Sunday, 25 July 2010

Survey Subject and Non Response Error

Statisticians usually have a skeptical opinion about web surveys, the most common type of survey nowadays in North America. That is because there is virtually no sampling theory that can accommodate the "sampling design" of a Web Survey without making strong assumptions well known not to hold in many situations. But in a capitalist world the cost drives everything and drives also the way we draw our samples. If you think about the huge economy a Web survey can proportionate you will agree that the "flawed" sample can be justified - it is just a trade off between cost and precision. Hopefully those who are buying the survey are aware of that, and here is where the problem is, as I see it.

The trade off can be very advantageous indeed because it has been shown that in some cases a Web Survey can approximate reasonably the results a probabilistic sample. Our experience is crucial on the understanding of when we should be concerned with web survey results and how to make them more in line with probability samples. This paper, for example, shows that results from attitudinal questions from a web panel sample are quite close to a probability survey. But no doubt we can not hope to be able to use the mathematical theory that allows us to pinpoint the precision of the study.

Challenges are never enough though.

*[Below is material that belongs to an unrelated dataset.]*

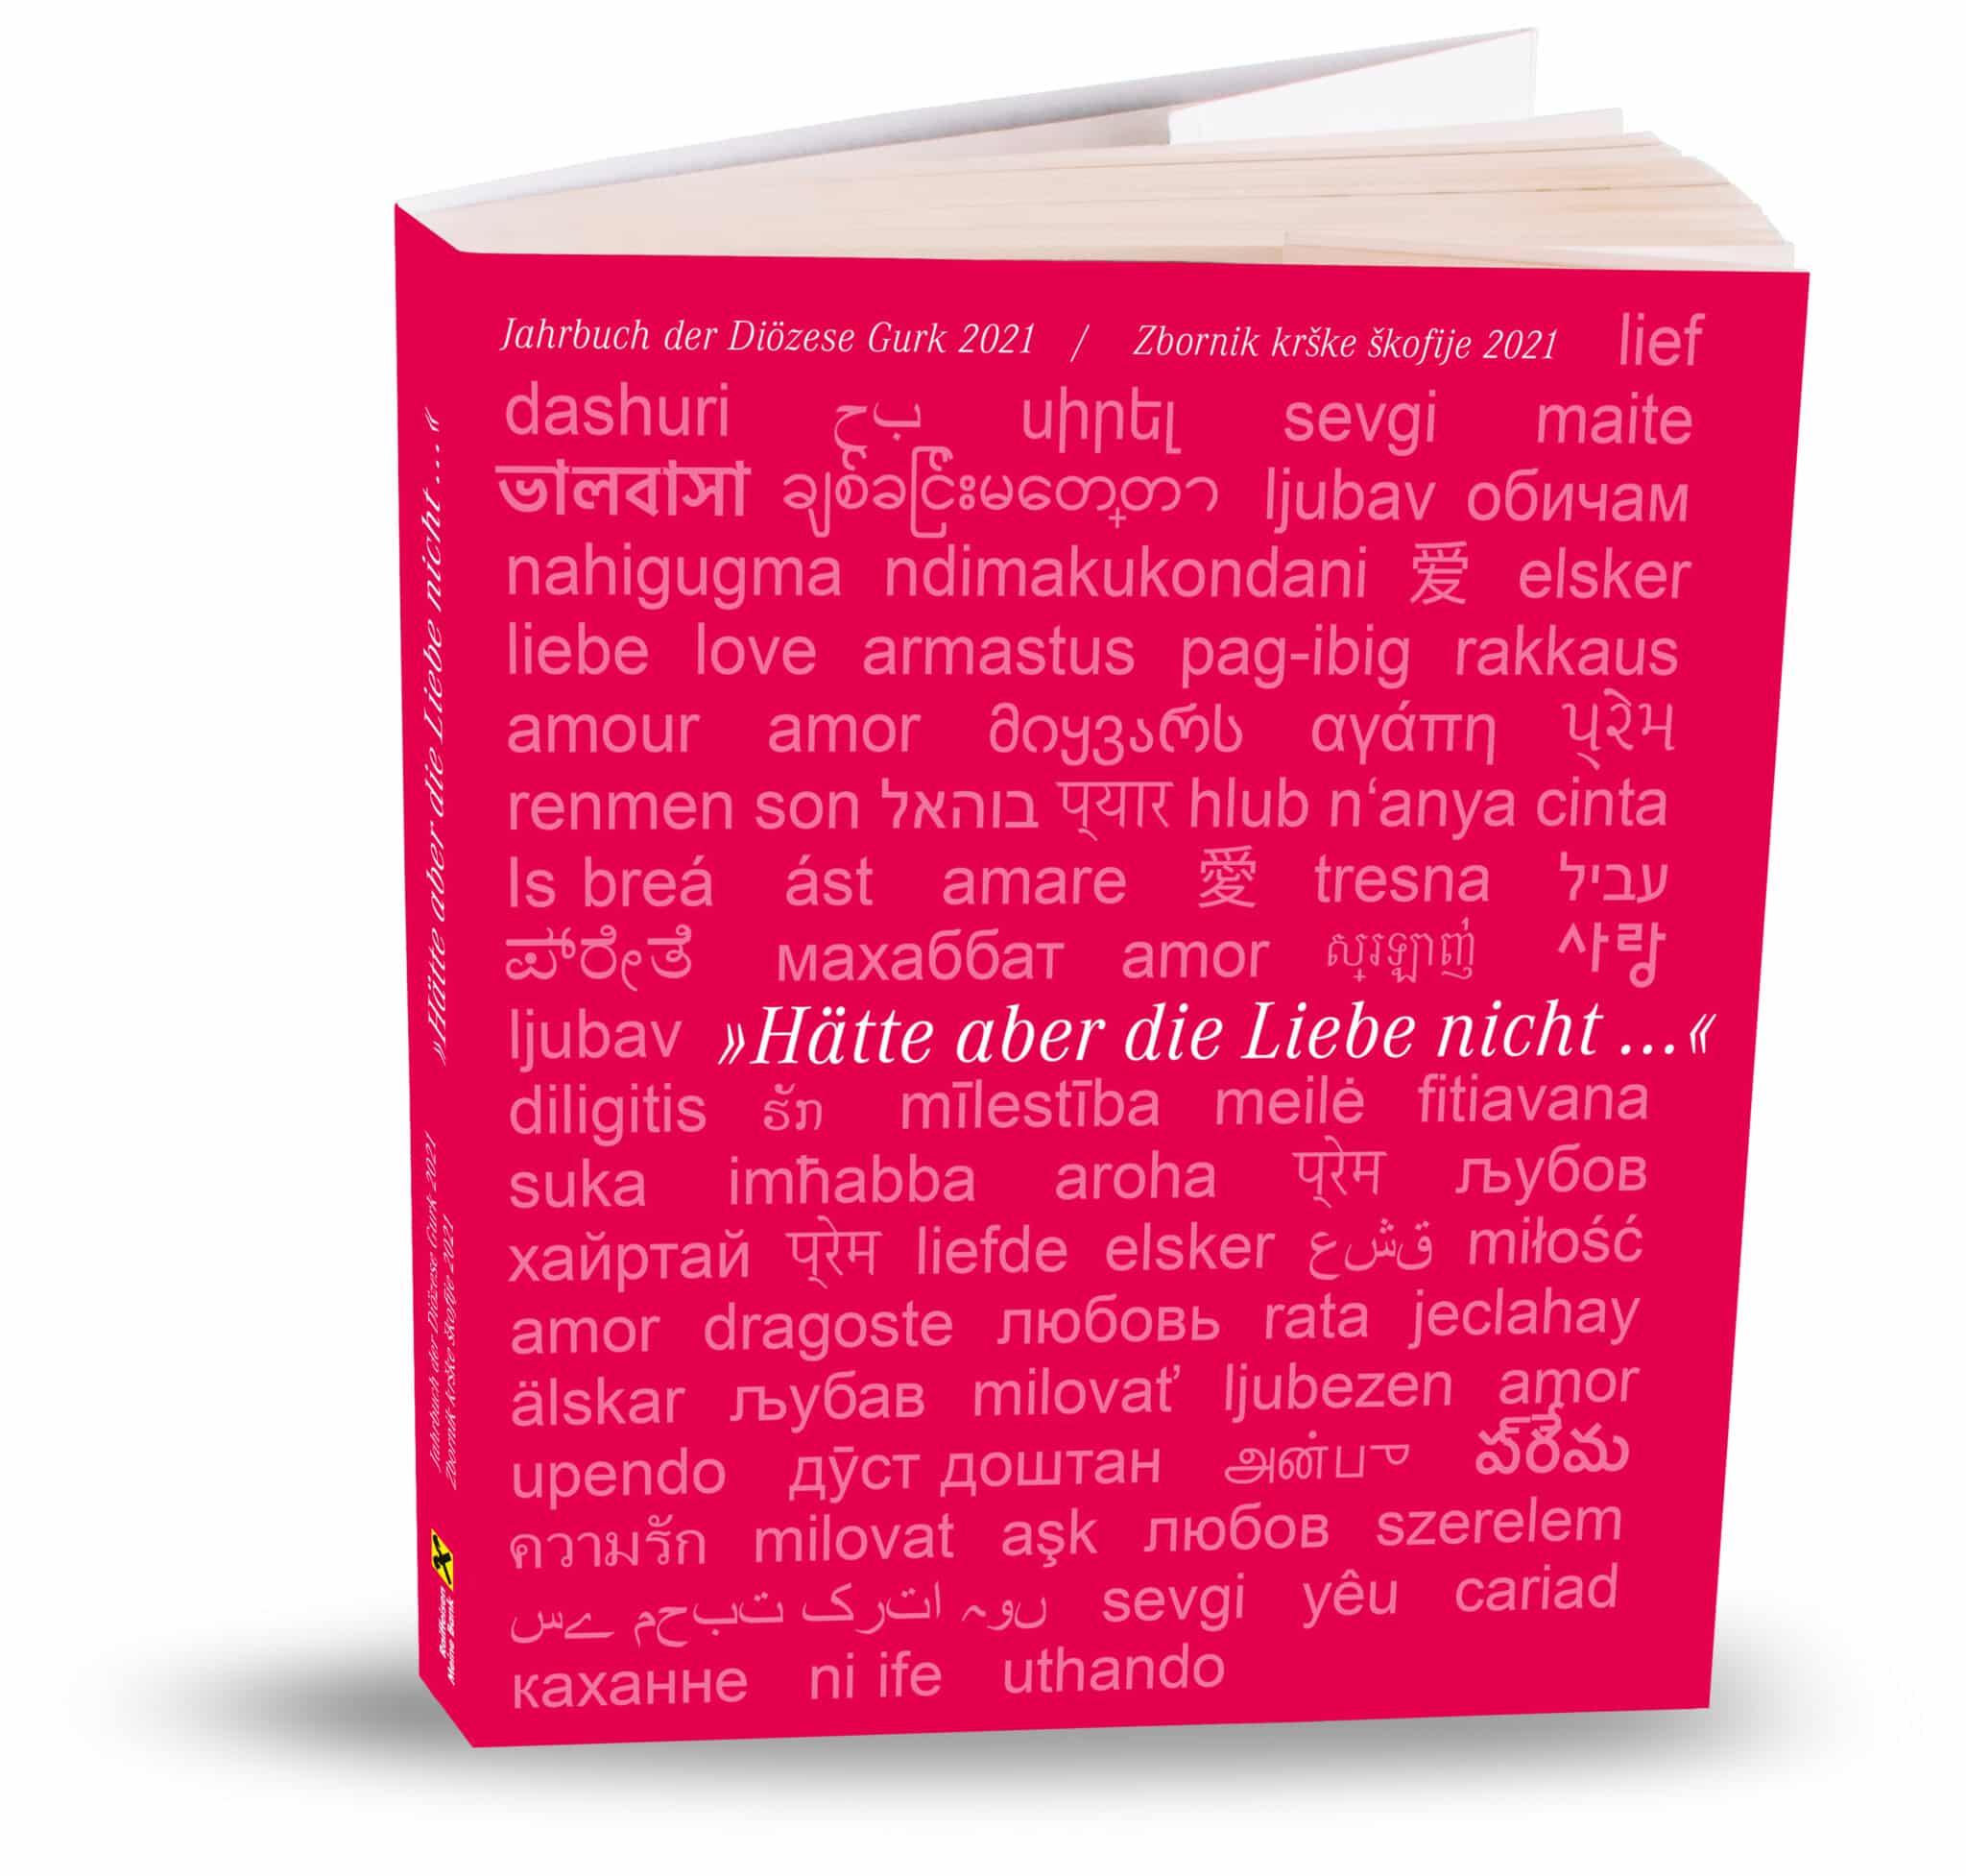 Das Wort “Liebe” schmückt das Cover des neuen Jahrbuches in 86 Sprachen.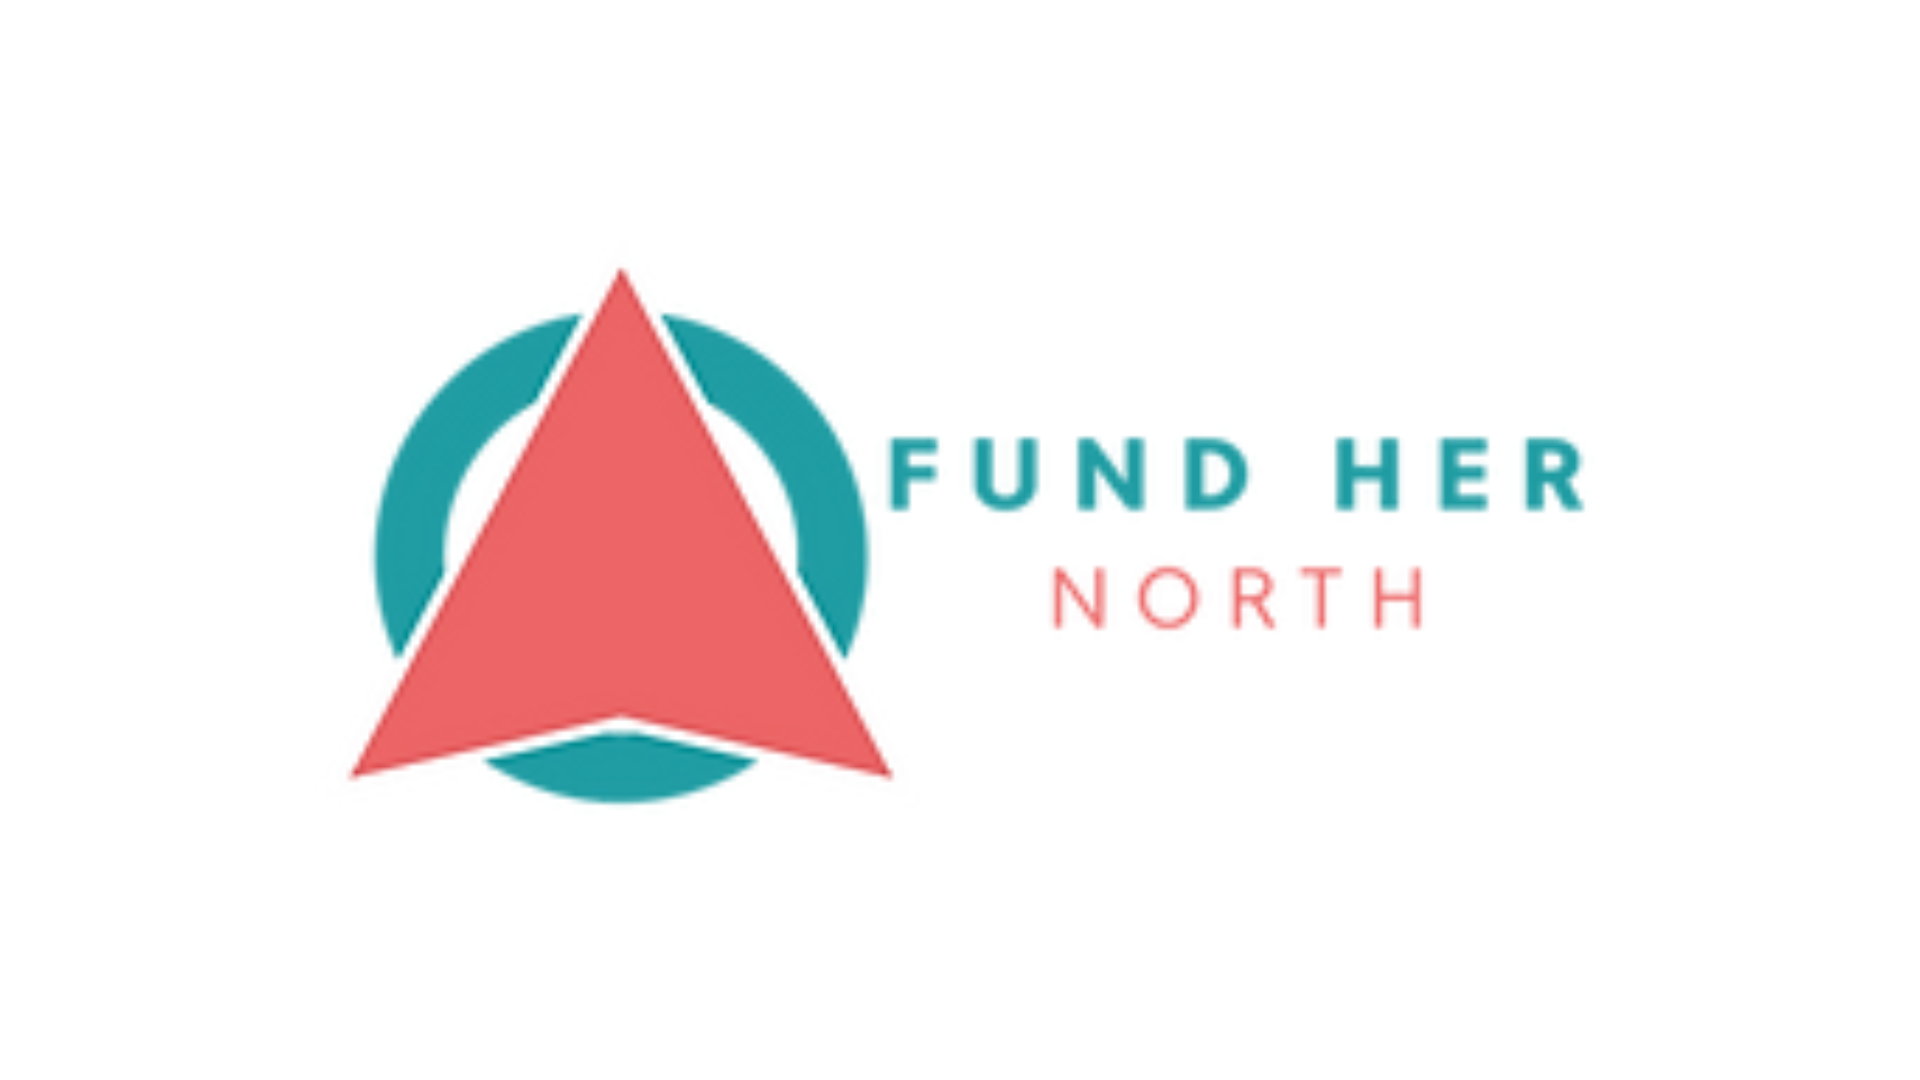 Fund her NOrth logo

In an effort to reduce the burden of the survey to the respondent, researchers are disclosing the subject of the survey before its beginning so that the respondent can decide whether of not to participate. The expected time of the survey is another information often released before the survey starts. Now the respondent that does not like the survey subject or does not feel like responding about it can just send the survey invitation to the trash can. But, what the possible consequences of this are?

Non response biases can be huge. Suppose, for example, a survey about groceries. Pretty much everybody buys grocery and would be eligible for participating in such a survey but possibly not everybody like to do it. The probability that someone that likes to shop for groceries has to participate in such a survey, if the subject is disclosed, we can argue, is much higher than the probability of somebody that thinks it is just a chore to participate. If the incidence of "grocery shopping lovers" in the population is, say, 20%, it will likely be much higher in the sample, without any possibility of being corrected through weighting. Shopping habits and attitudes will likely be associated to some extent to how much people like to shop and this will likely cause a bias in the survey.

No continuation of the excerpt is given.